Question

At a temperature T, a compound $A{B}_4\left(g\right)$ dissociates as $2A{B}_4\rightleftharpoons A_2\left(g\right)+4B_2\left(g\right)$ with a degree of dissociation x, which is small compared with unity. The expression of $K_p$ in terms of x and total pressure P is?

• A. $8P^3{x}^5$
• B. $256P^3{x}^5$
• C. $4P{x}^2$
• D. None of these

Answer 1

Answer: (A)

$K_p$ is the pressure constant of equilibrium and its formula is same as that of equilibrium constant, only in the place of concentration, partial pressure of reactants are used.

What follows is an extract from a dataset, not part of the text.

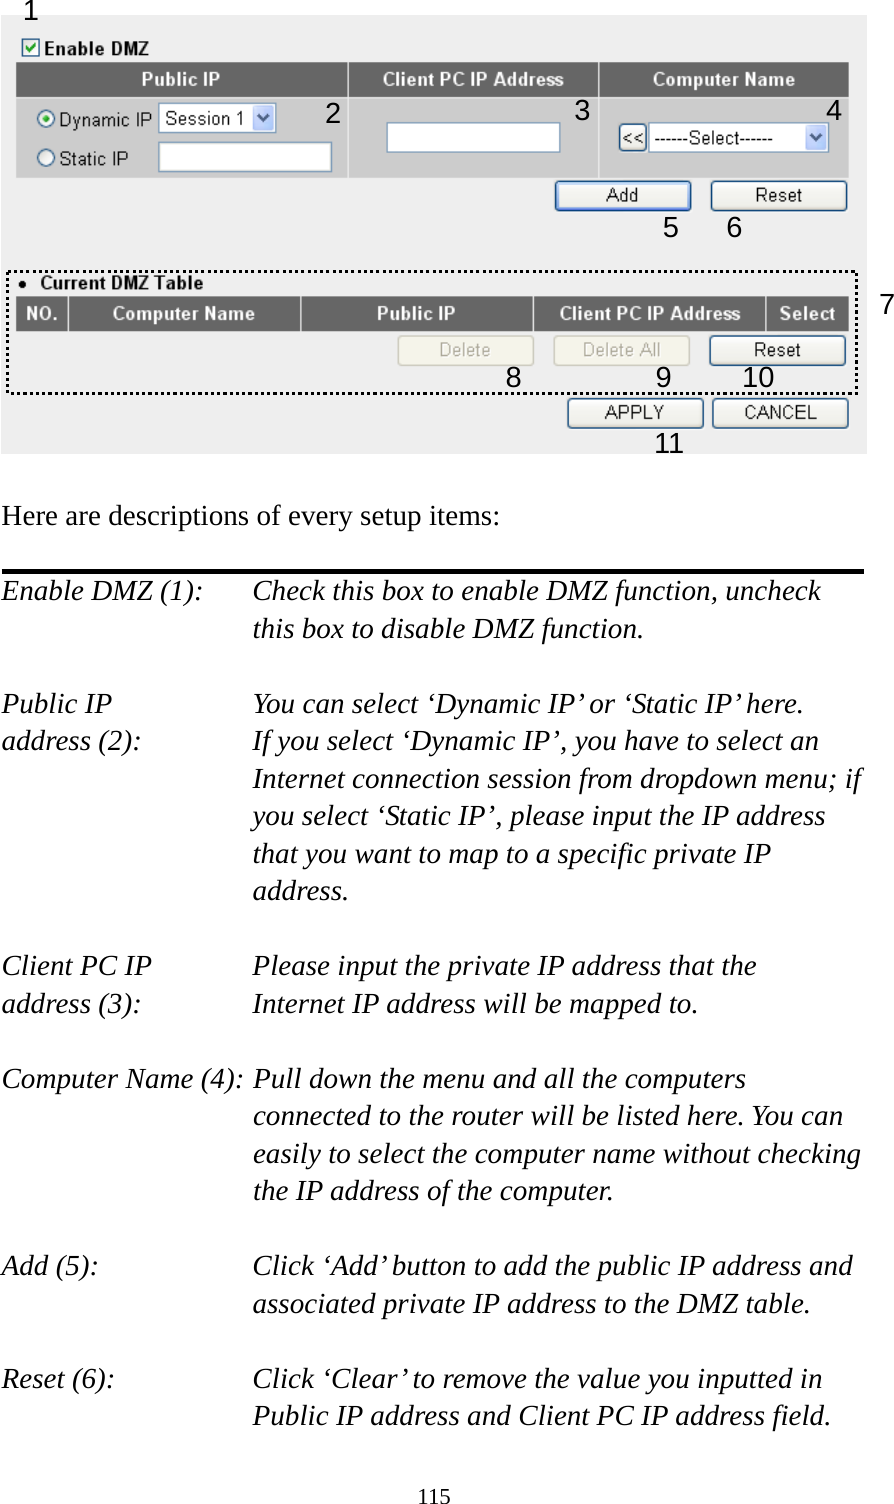 115   Here are descriptions of every setup items:  Enable DMZ (1):    Check this box to enable DMZ function, uncheck this box to disable DMZ function.  Public IP        You can select ‘Dynamic IP’ or ‘Static IP’ here. address (2):    If you select ‘Dynamic IP’, you have to select an Internet connection session from dropdown menu; if you select ‘Static IP’, please input the IP address that you want to map to a specific private IP address.  Client PC IP      Please input the private IP address that the address (3):      Internet IP address will be mapped to.  Computer Name (4): Pull down the menu and all the computers connected to the router will be listed here. You can easily to select the computer name without checking the IP address of the computer.  Add (5):    Click ‘Add’ button to add the public IP address and associated private IP address to the DMZ table.  Reset (6):    Click ‘Clear’ to remove the value you inputted in Public IP address and Client PC IP address field. 1 2456 78 9 10 113

$2A{B}_4\leftrightharpoons A_2\left(g\right)+4B_2\left(g\right)$

$t=0$ $1$ $0$ $0$

$t=equilibrium$ $1-2\alpha$ $\alpha$ $4\alpha$

where,$2\alpha =x$

Degree of dissociation is x.(small compared to unity)

Total pressure is P.

$K_p=\frac{P.P_{A_2}\times (P.P_{B_2}{)}^4}{(P.P_{A{B}_4}{)}^2}$

Total number of moles is equal to $1+\frac{3x}{2}$

Here $x$ is very very small than 1.

$K_p=\frac{\frac{x}{2}\times P\times (2x{)}^4\times P^4}{(1-x{)}^2\times P^2}$

$K_p=8P^3{x}^5$

Hence, option (A) is correct.